To extend the in vitro observations and identify potential candidate genes for further study, validation was performed in publicly available datasets generated using whole blood samples from healthy controls and sepsis patients. Nine datasets were selected from the NCBI GEO and multicohort analysis was performed to generate a mean fold change in expression across all cohorts. The top 250 genes were ranked according to fold change in expression in this cohort (Figure 1D). The highest ranked genes in terms of the effect size were considered as the strongest candidates for further investigation (Figure 1E). The final step in the process of selecting a gene of interest was to assess the current knowledge on each identified gene. PubMed was searched to identify the total number of articles relating to each gene and alternate names for each gene were identified through NCBI Gene and added to the search. Genes for which a very small number of articles were identified (<10) were excluded as it was considered unlikely that sufficient information about these gene would be available to inform future studies. Additional searches were carried out for each gene paired with the search terms “sepsis”, “neutrophil” and “inflammation” to identify previous gene associations. The number of articles was counted, and a score applied to each gene based on the number of related articles. Genes were examined in order starting from the gene with the highest fold change in expression and those with known associations to sepsis or neutrophils were excluded (Figure 1F). CST7 (Cystatin F) was ranked 8th in terms of fold change in expression and 72 articles were identified that referred to the gene. Among these, six publications were related to inflammation; however, none of these articles contained the term “sepsis” or linked cystatin F directly to the term neutrophil. CST7 was therefore deemed the most eligible for further investigation. We further confirmed that CST7 expression was significantly increased in neutrophils following stimulation of plasma from patients with severe sepsis compared with those with non-severe sepsis (Figure 1G).
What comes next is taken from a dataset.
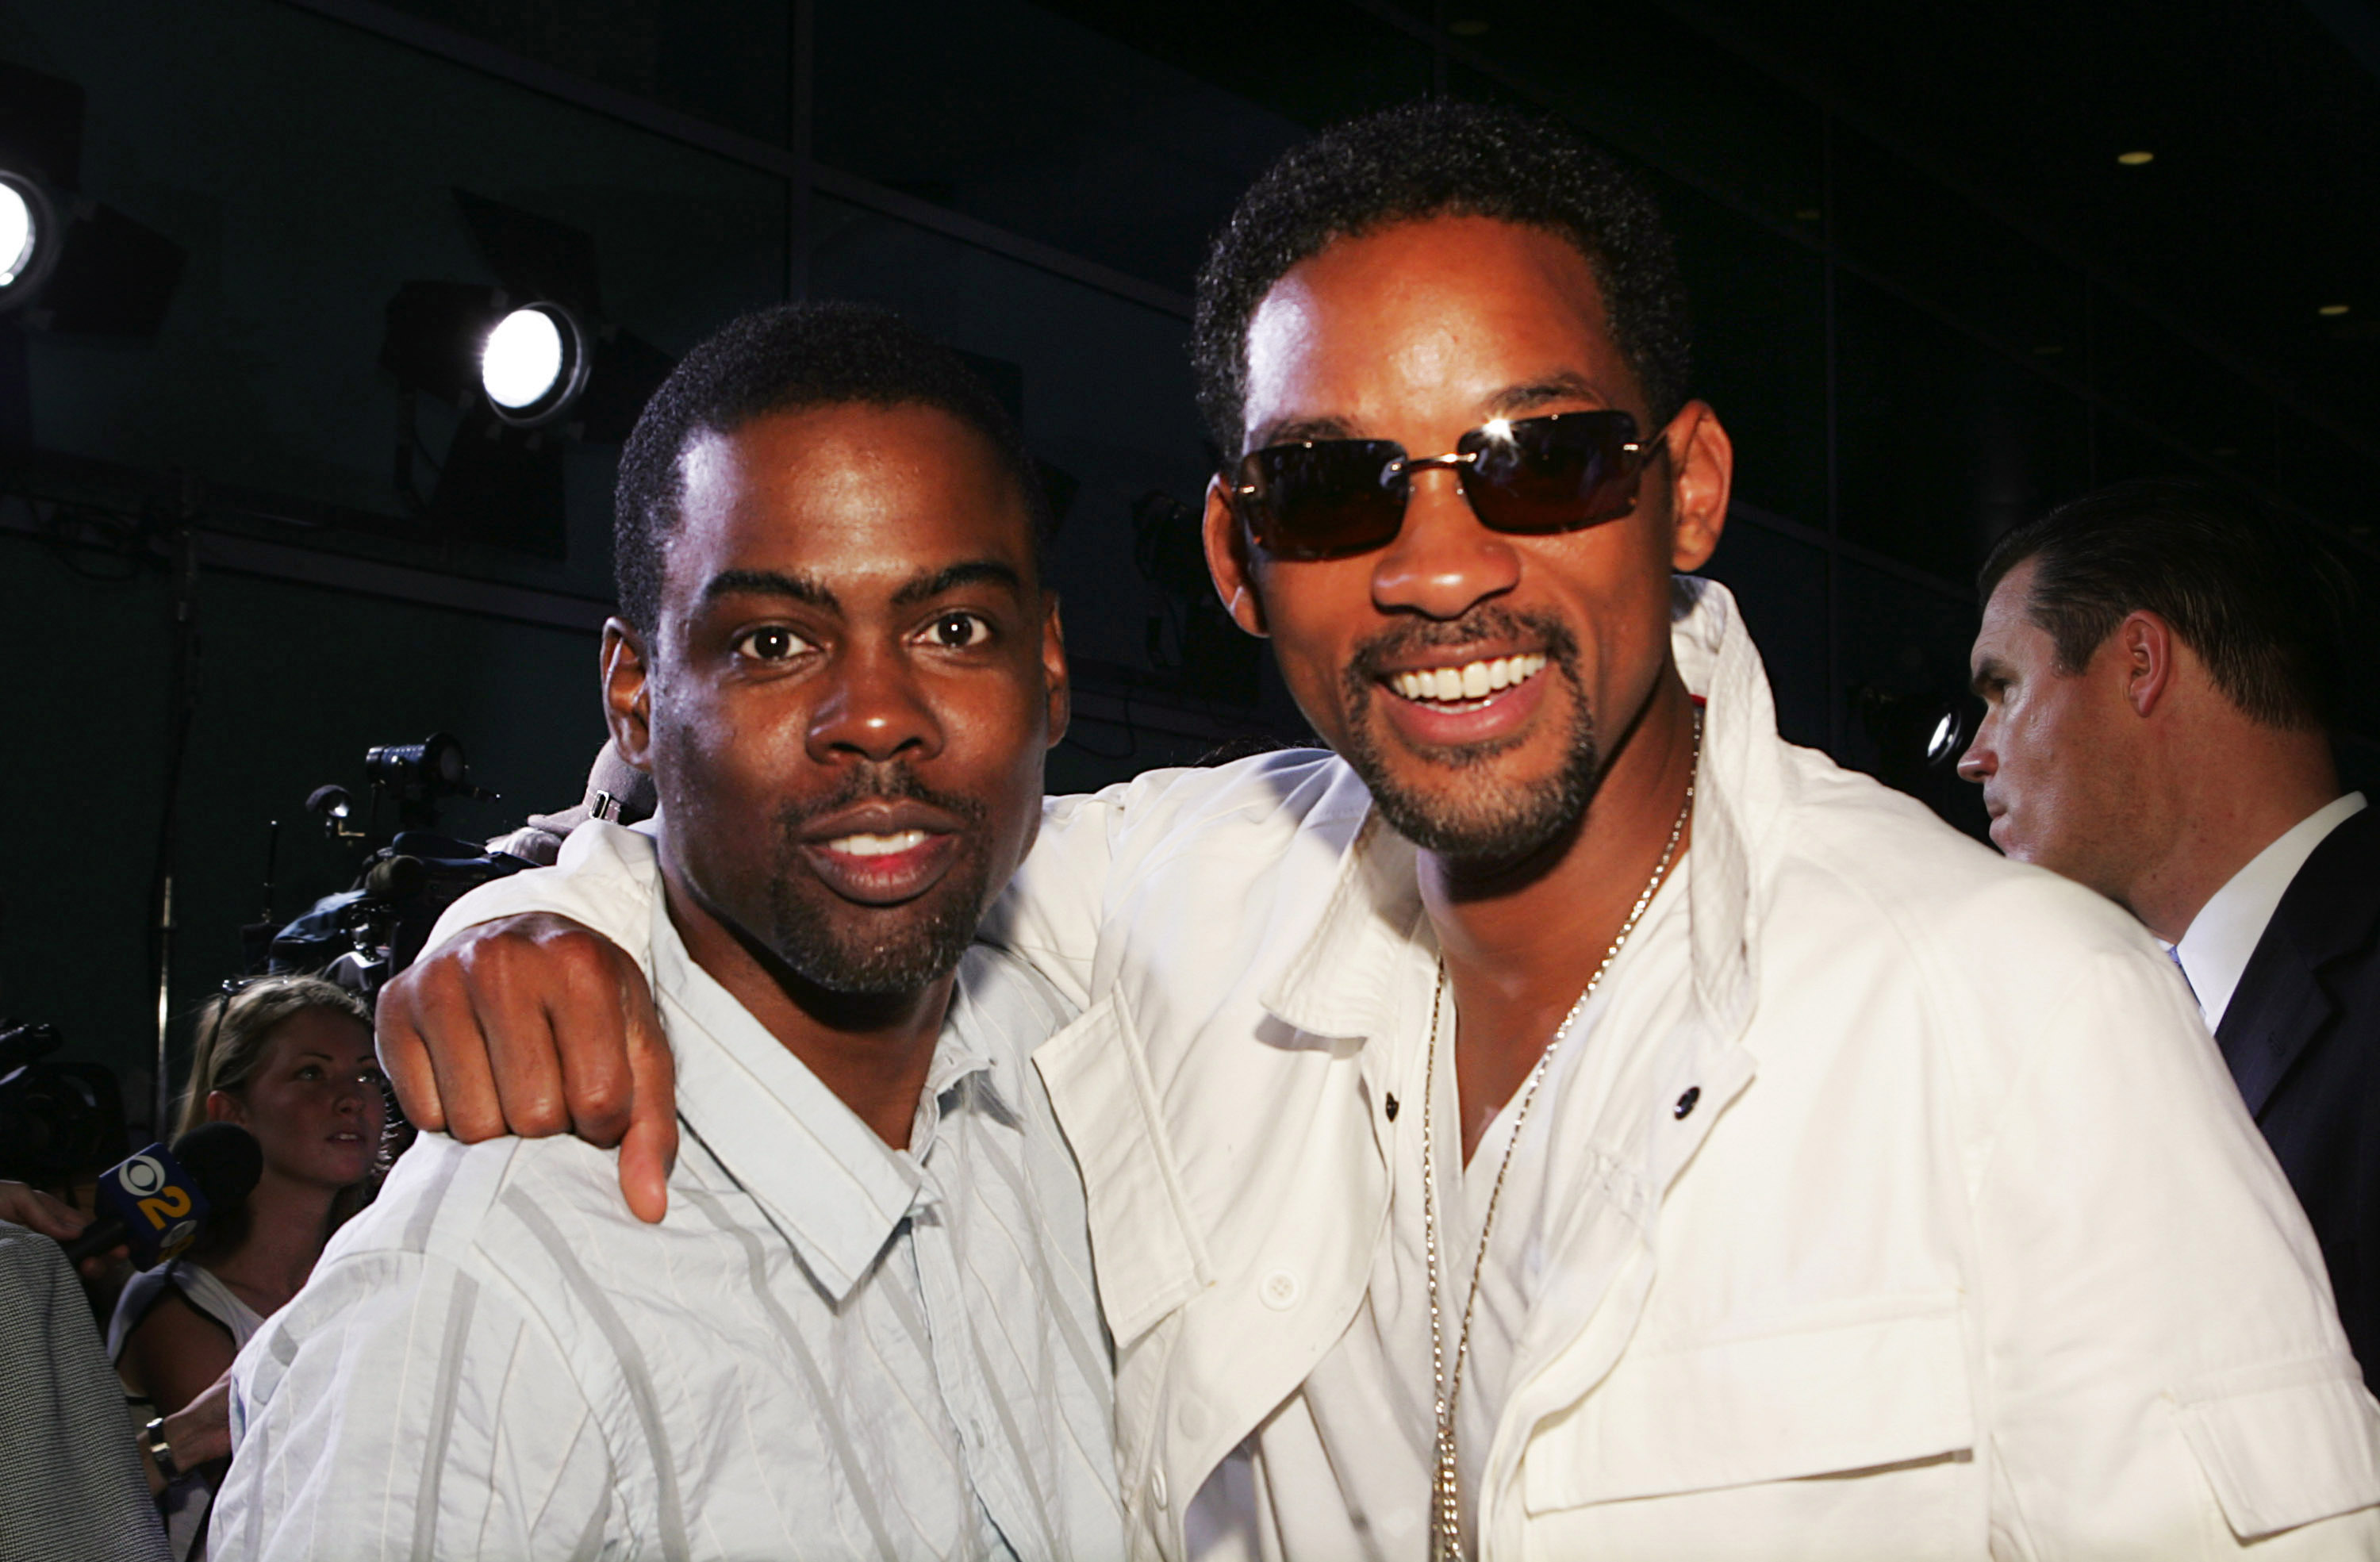 Will Smith “Unsuccessfully” Tried To Make Amends With Chris Rock: Report

The Significance and Regulation of Cystatin F Induction Are Poorly Defined
To inform further exploration of public data, a profile of the current knowledge of CST7 was constructed. The 72 articles that referred to CST7 were examined for major research themes and tallied (Figure 2A). The cystatins consist of three families of proteins that bind reversibly with high-affinity to inhibit multiple cathepsin family members (8) Cystatin F is unique among the cystatins in that its expression is limited to leukocytes (9) and because it is secreted in an inactive form that can be internalized and subsequently activated in target cells (10, 11). In the context of malignancy, increased levels of CST7 have been correlated with a poorer prognosis in liver metastasis following colorectal cancer (12) and with improved survival in the context of pancreatic ductal adenocarcinoma (13) and hepatocellular carinoma (14). Additionally, in the context of neuroinflammation, CST7 is upregulated during CNS demyelination and is associated with areas of remyelination (15, 16). While CST7 has not been studied in the context of other inflammatory conditions, it has been identified as playing a role in granulocyte inflammation, specifically as an inhibitor of cathepsin C (17).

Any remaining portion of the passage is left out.